WHAT THE TASK REQUIRES:
Could you copy exactly the lines below from the one with "IBOX Weiß USB, IUH3CFT1, Hub" to the one with "E-commerce design for the Zerno brand", inclusive, leaving out any pictures?

PROVIDED RECORDS:
= = = = =

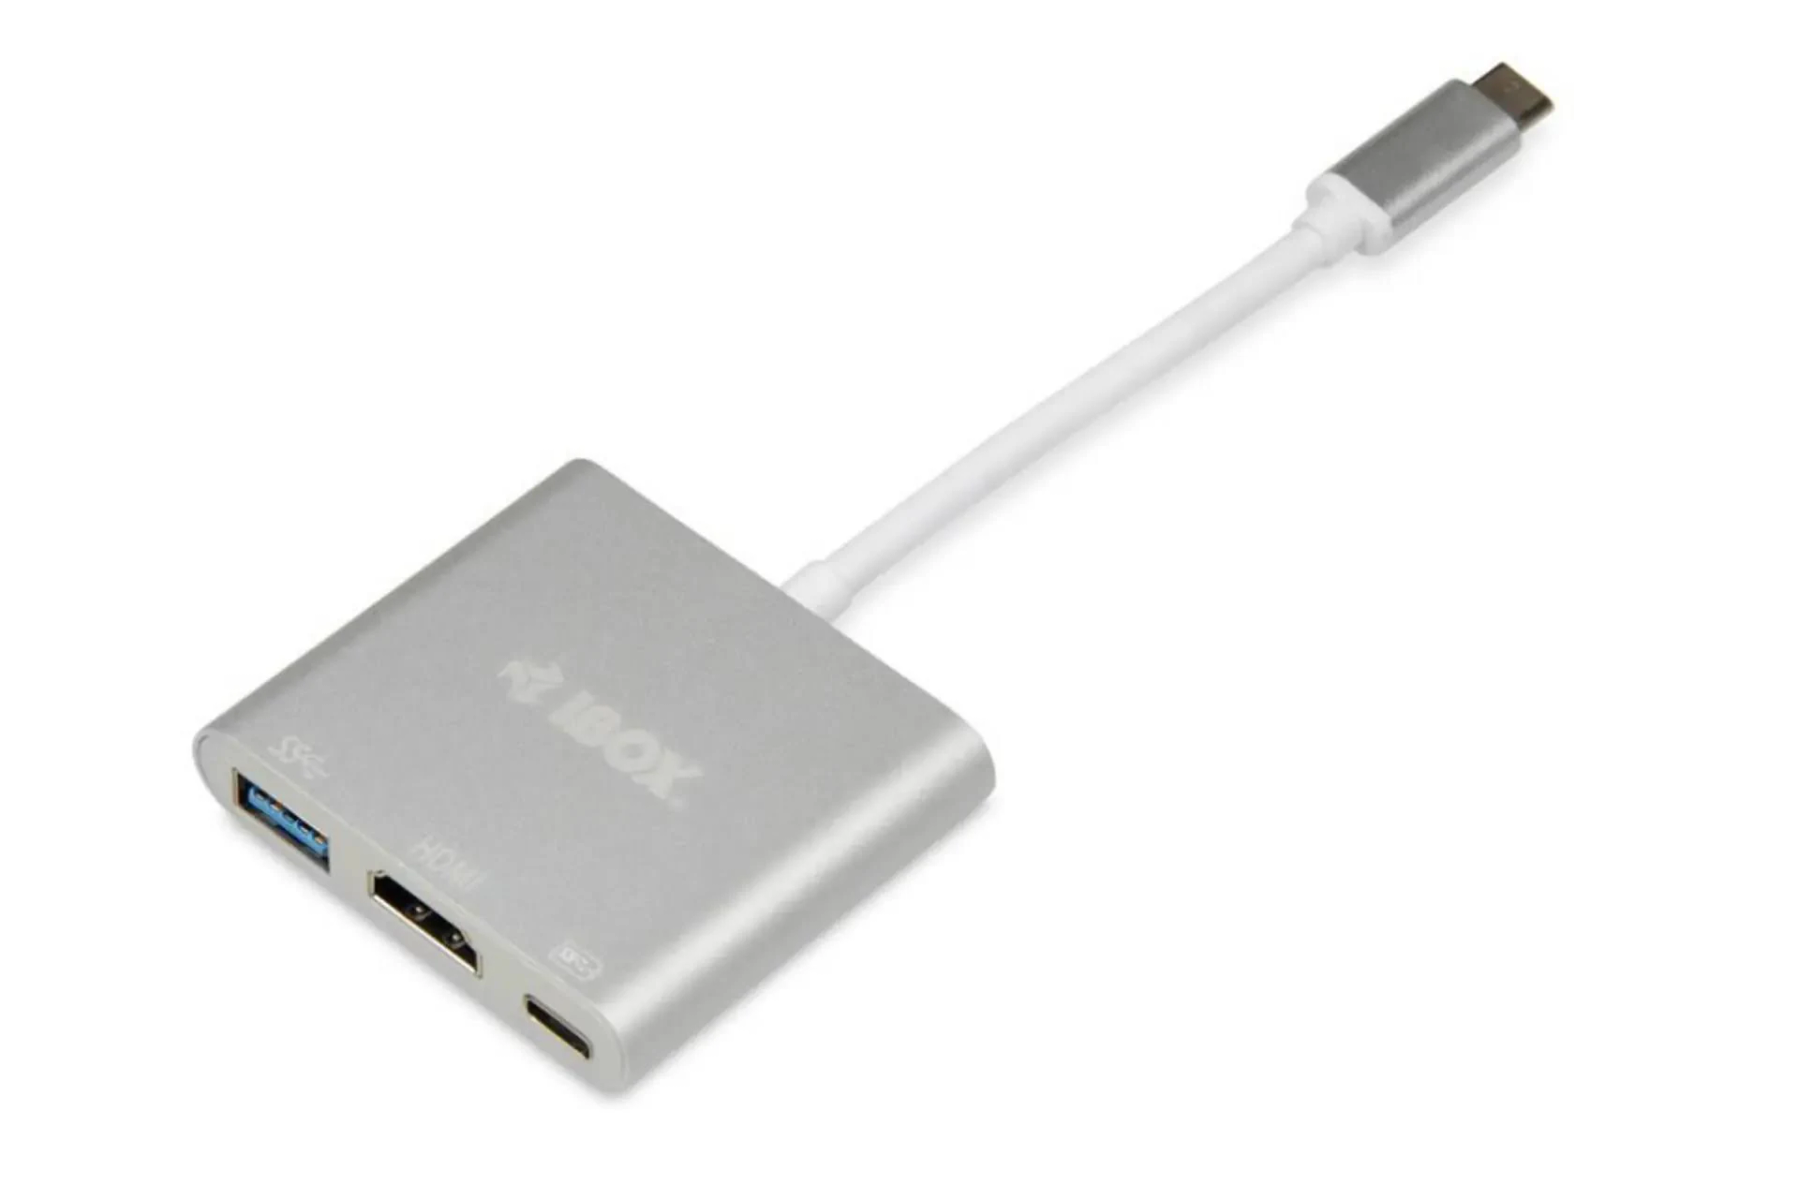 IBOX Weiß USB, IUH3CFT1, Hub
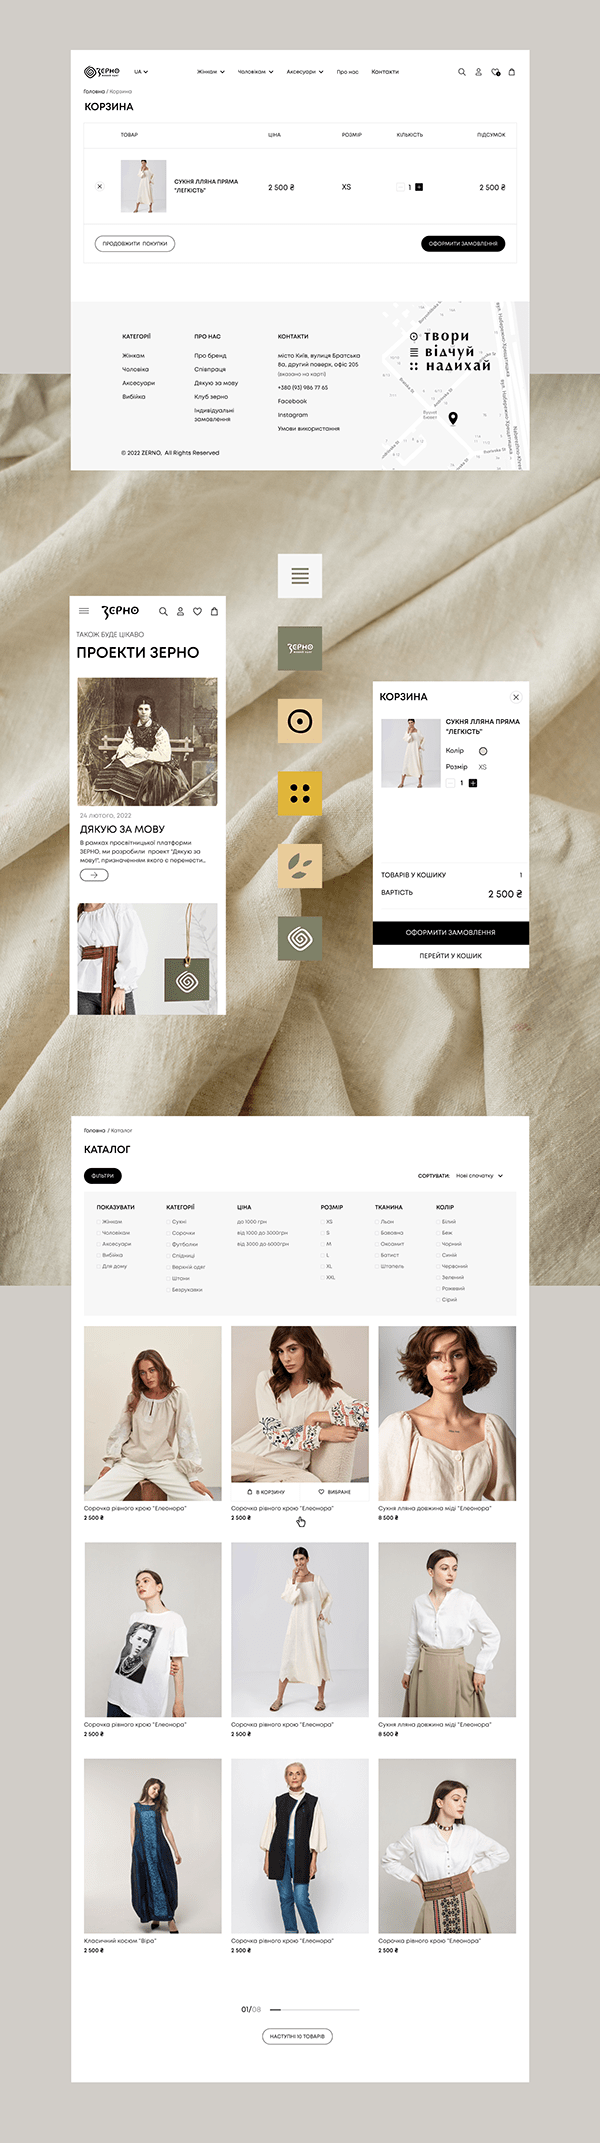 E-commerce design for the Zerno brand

= = = = =

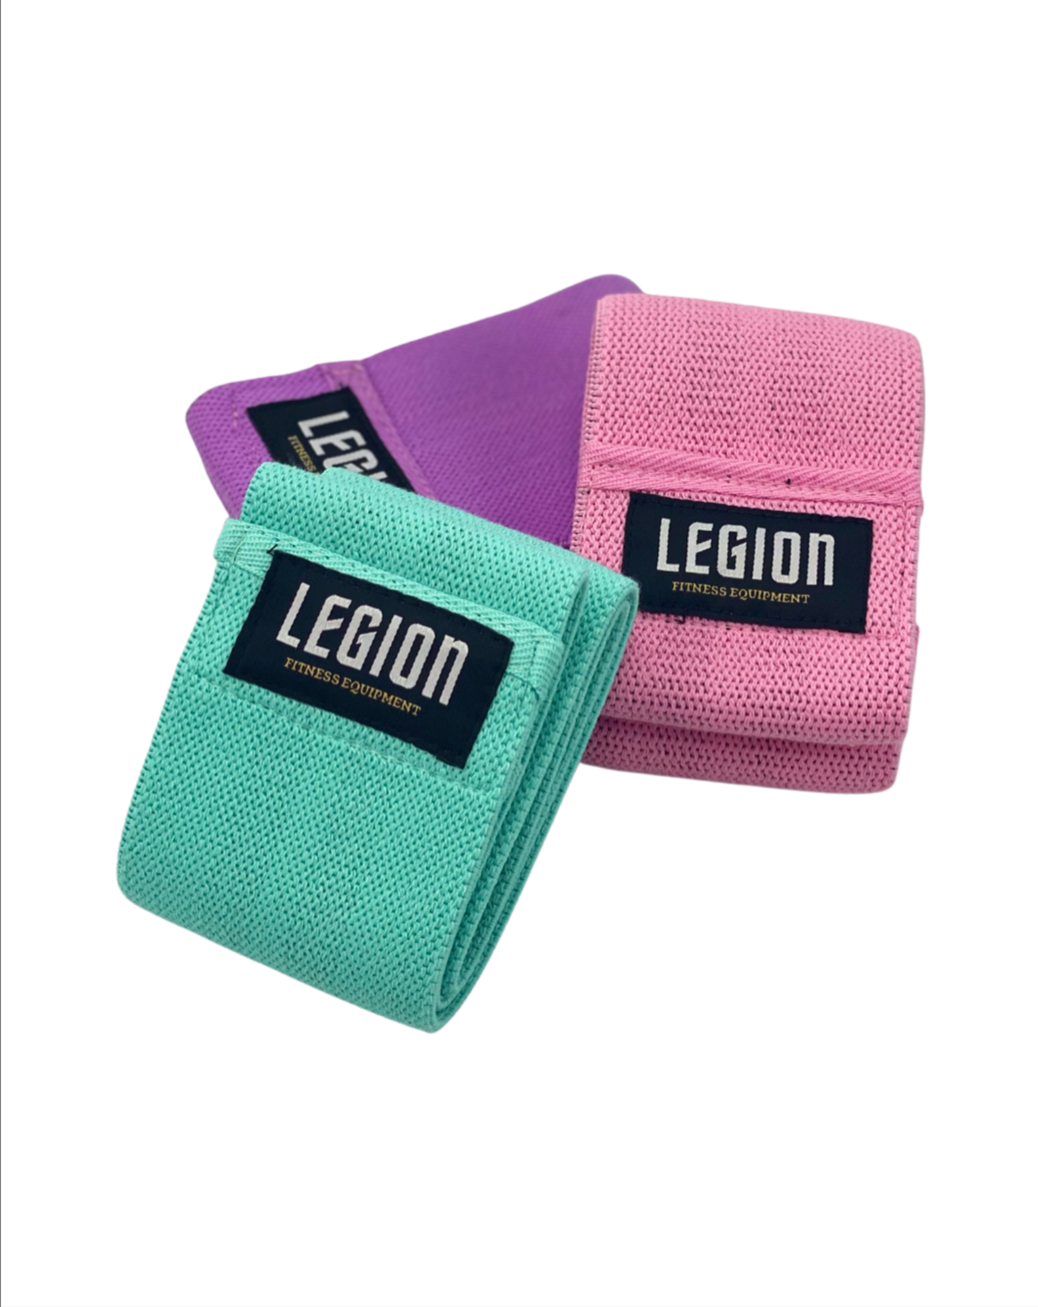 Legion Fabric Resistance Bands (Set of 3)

= = = = =

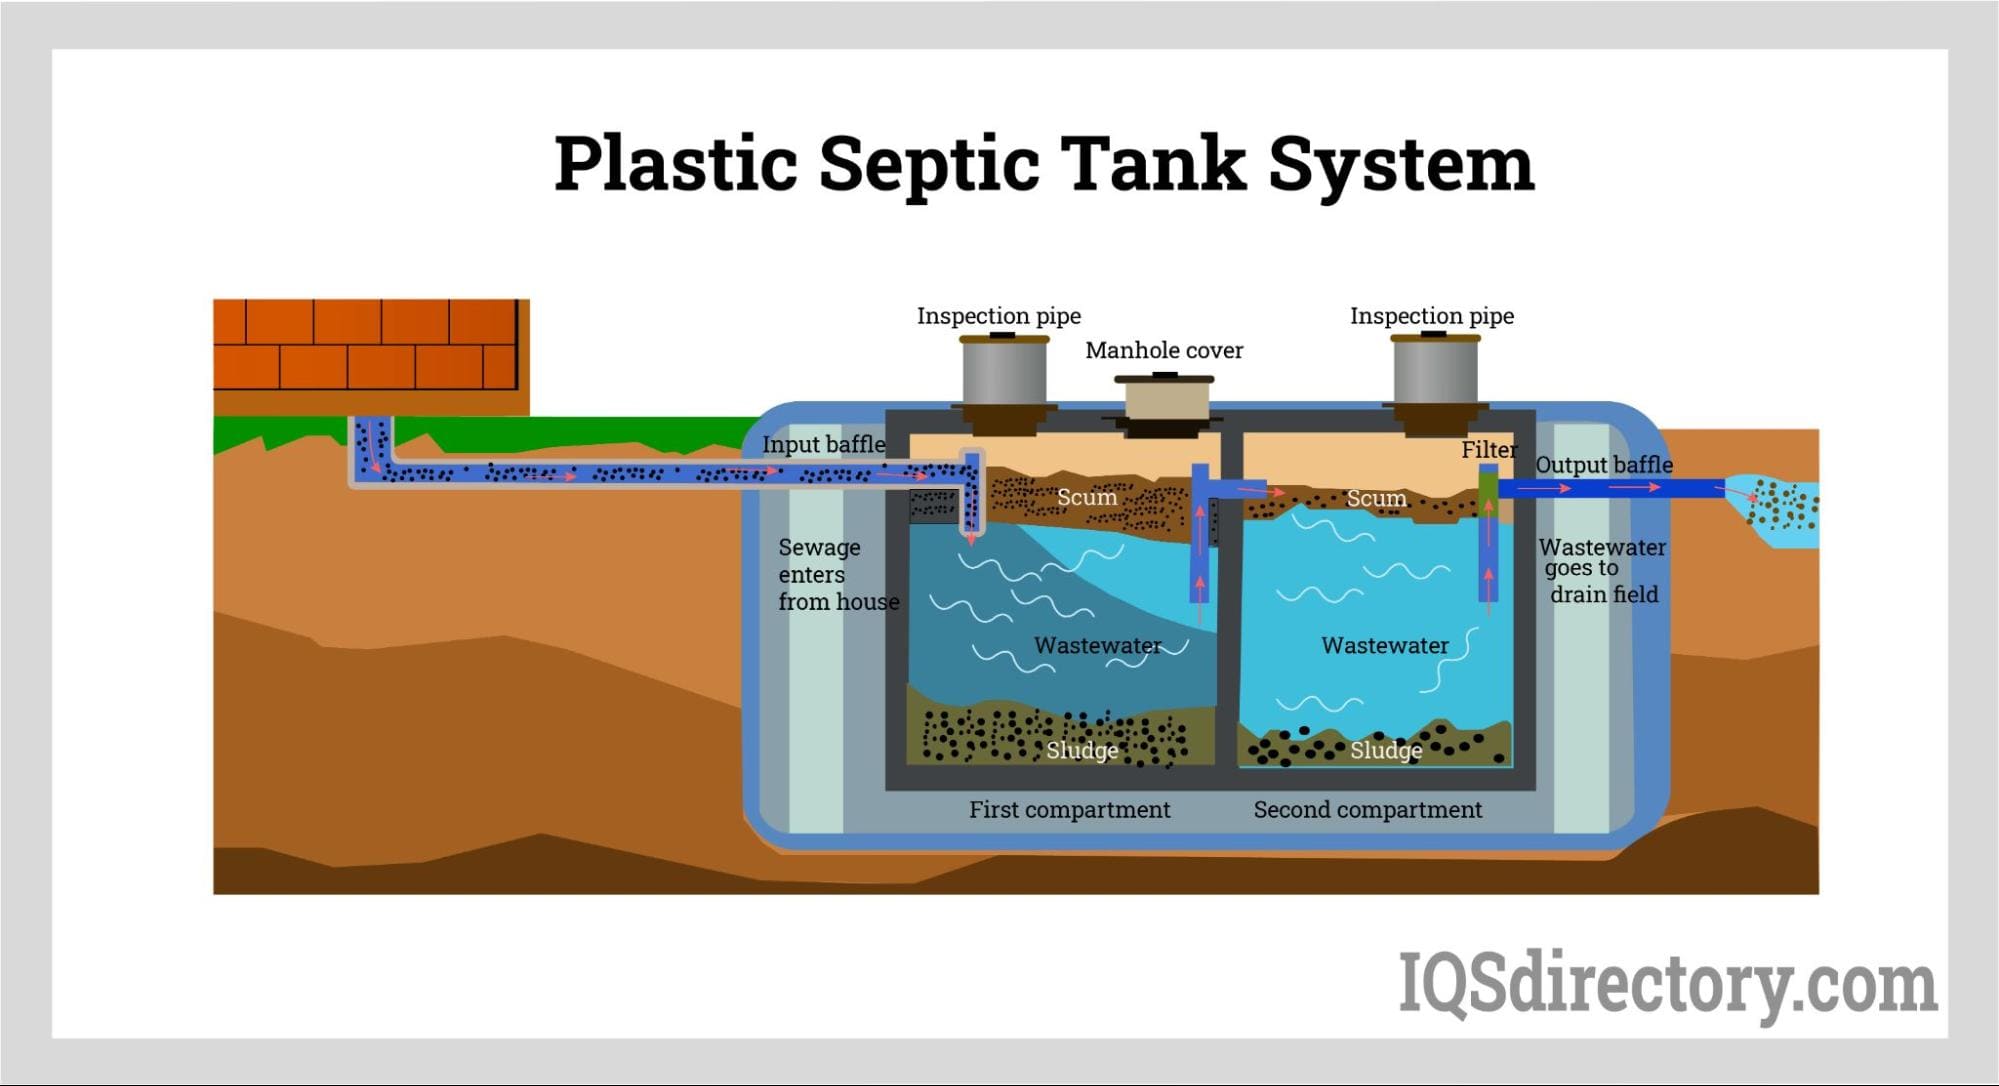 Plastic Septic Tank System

= = = = =

OUTPUT:
 IBOX Weiß USB, IUH3CFT1, Hub
 E-commerce design for the Zerno brand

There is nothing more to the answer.